The budget calls for a $250-million cut to public-sector compensation, and includes a previously announced 3.5 per cent wage rollback for ministers and MLAs.
Spending forecast to increase by $342M
Revenue is expected to total $14.17 billion, up $141 million from last year’s budget. Spending is forecast to increase $342 million to $14.80 billion. Nearly three-quarters, or $10.7 billion, of the spending in this year’s budget is earmarked for health, education and social services.
Municipal revenue sharing is expected to total $258 million this fiscal year, and the funding formula will continue to be based on one point of the PST.
Infrastructure spending to total $3.7B
The province also plans to spend $3.7 billion on infrastructure, including $1 billion on highways and roads. Crown corporations – mainly SaskPower, SaskEnergy, SaskTel and SaskWater – will spend $2.1 billion on capital projects, while government ministries and agencies will invest $1.6 billion.
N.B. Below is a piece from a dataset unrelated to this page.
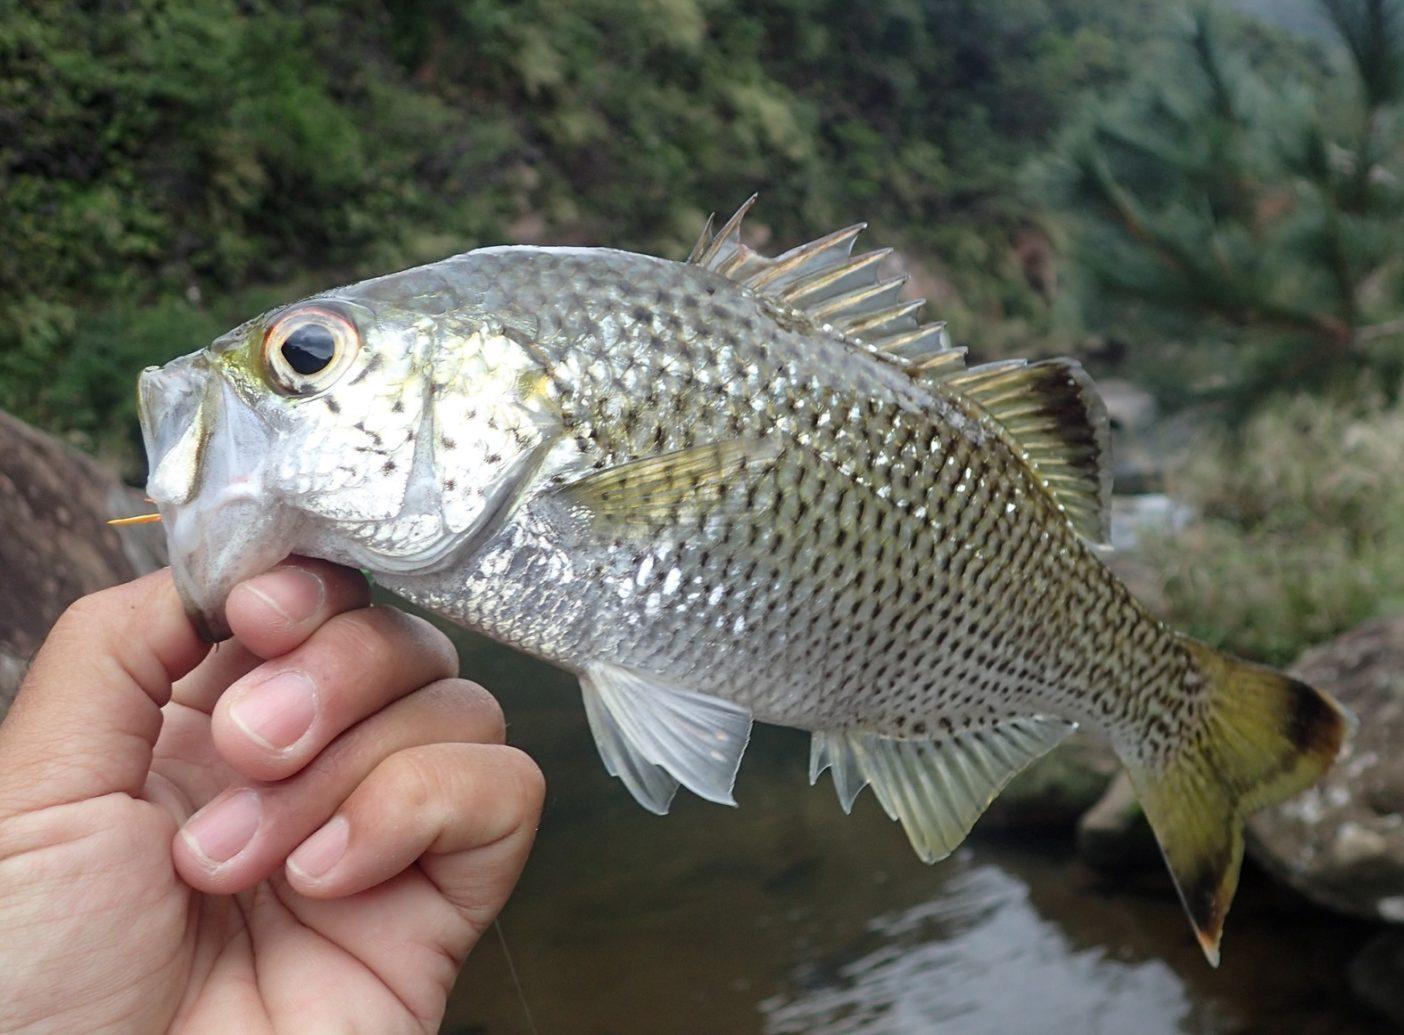 ハイシーズンではないため、それほど好活性ではなかったが、飽きない程度に釣れてくれる「癒しの魚」 写真:中根 淳一

“Capital projects create construction jobs at a time when sectors such as mining and oil and gas are experiencing commodity price downturns,” Doherty said.
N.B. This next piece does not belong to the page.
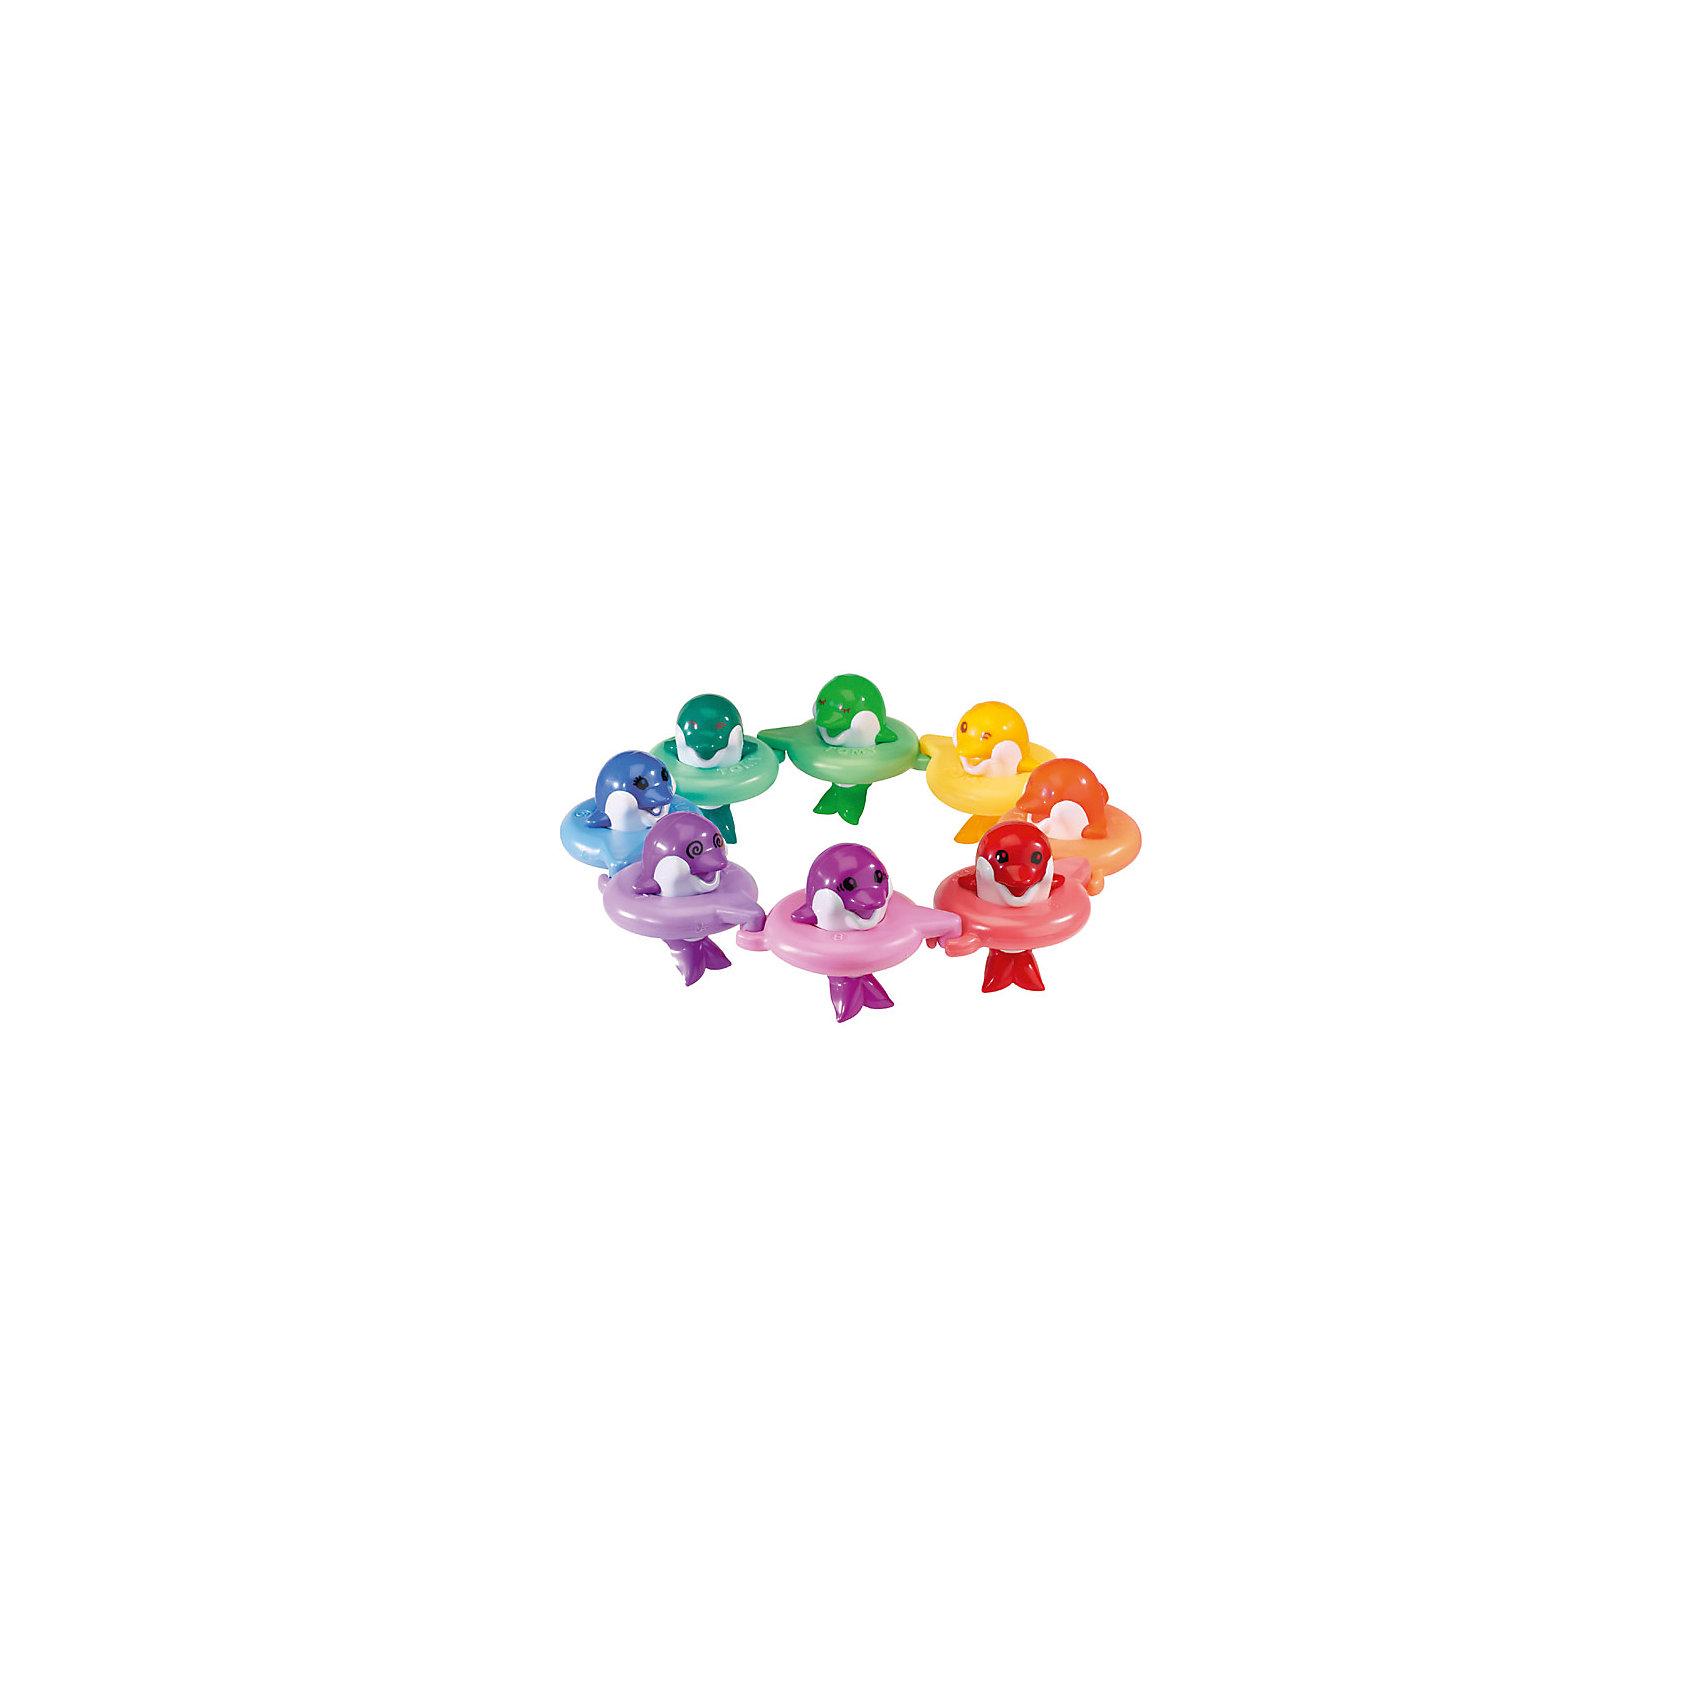 Игрушка для ванной Музыкальные дельфины, TOMYИгровые наборы<br>Игрушка для купания «Музыкальные дельфины До-ре-ми» из серии AQUA FUN известного бренда TOMY (Томи) - это дельфины ярких цветов, каждый из которых пропоёт свою ноту, стоит лишь погладить его по голове.<br><br>Малыш сможет подпевать дельфинам, сортировать их по цвету, соединять в круг или в ряд или же просто играть с каждым из них по отдельности. Если расположить дельфинов в ряд – они споют гамму. Играя с дельфинами, Ваш ребенок сможет сочинять собственные музыкальные композиции!<br><br>Данная игрушка очень полезна для детей от 12 месяцнв до 6 лет, так как с помощью неё у ребёнка развивается восприятие цвета и звука, что раскрывает его таланты!<br><br>Подарите Вашему ребёнку возможность побыть маленьким музыкантом!<br><br>В комплекте:<br>- 8  дельфинов разных цветов <br>- 8 кругов (дельфины из кругов также можно вытаскивать)<br><br>Дополнительная информация:<br>Размер упаковки – 40х28х10 см<br>Длина дельфина – 12 см<br>Диаметр круга – 11 см<br>Материал – высококачественный пластик<br>Дополнительные батарейки не нужны!<br><br>С замечательными разноцветными улыбающимися дельфинчиками, водные процедуры будут доставлять Вашему малышу невероятное удовольствие! Музыкальных дельфинов от Томи Вы можете купить в нашем интернет-магазине.<br><br>Серия игрушек для купания Tomy Аква Фан дарит Вам прекрасную возможность побыть вместе с малышом и одновременно приучить его к ежевечернему ритуалу купания перед сном.<br><br>Ширина мм: 302<br>Глубина мм: 281<br>Высота мм: 100<br>Вес г: 1009<br>Возраст от месяцев: 12<br>Возраст до месяцев: 48<br>Пол: Унисекс<br>Возраст: Детский<br>SKU: 1698384

“Investing in roads and highways improves safety and helps Saskatchewan products move to markets over an expanded and improved transportation system.”
The budget includes a $300-million contingency to guard against unanticipated declines in revenue, expenses and unforeseen costs related to potential natural disasters, such as flooding and forest fires.
Return to balanced budget expected in 2019
A deficit of $685 million is forecast for this year, followed by a smaller shortfall of $304 million in 2018-19. A $15-million surplus is projected in 2019-20 and a $183-million surplus in 2020-21.
“This year’s budget sets a course to respond to the current challenge and return to a balanced budget by 2019, ensuring government services remain sustainable and affordable in the long run,” Doherty said.
“It controls spending and expands and modernizes the tax system by shifting to consumption taxes and lowering income taxes.”
Budget an attack on families: NDP
The Opposition NDP said the budget is an attack on families.
"I think they're going to say, 'Ow.' That's what average families are going to say," said NDP finance critic Cathy Sproule.
"Even if you want to do renovations to your homes, now that's going to be another five per cent PST because that exemption's gone. Children's clothing ... that's an important reduction or exemption for families.
"There's a number of things in here that are going to hit families really hard."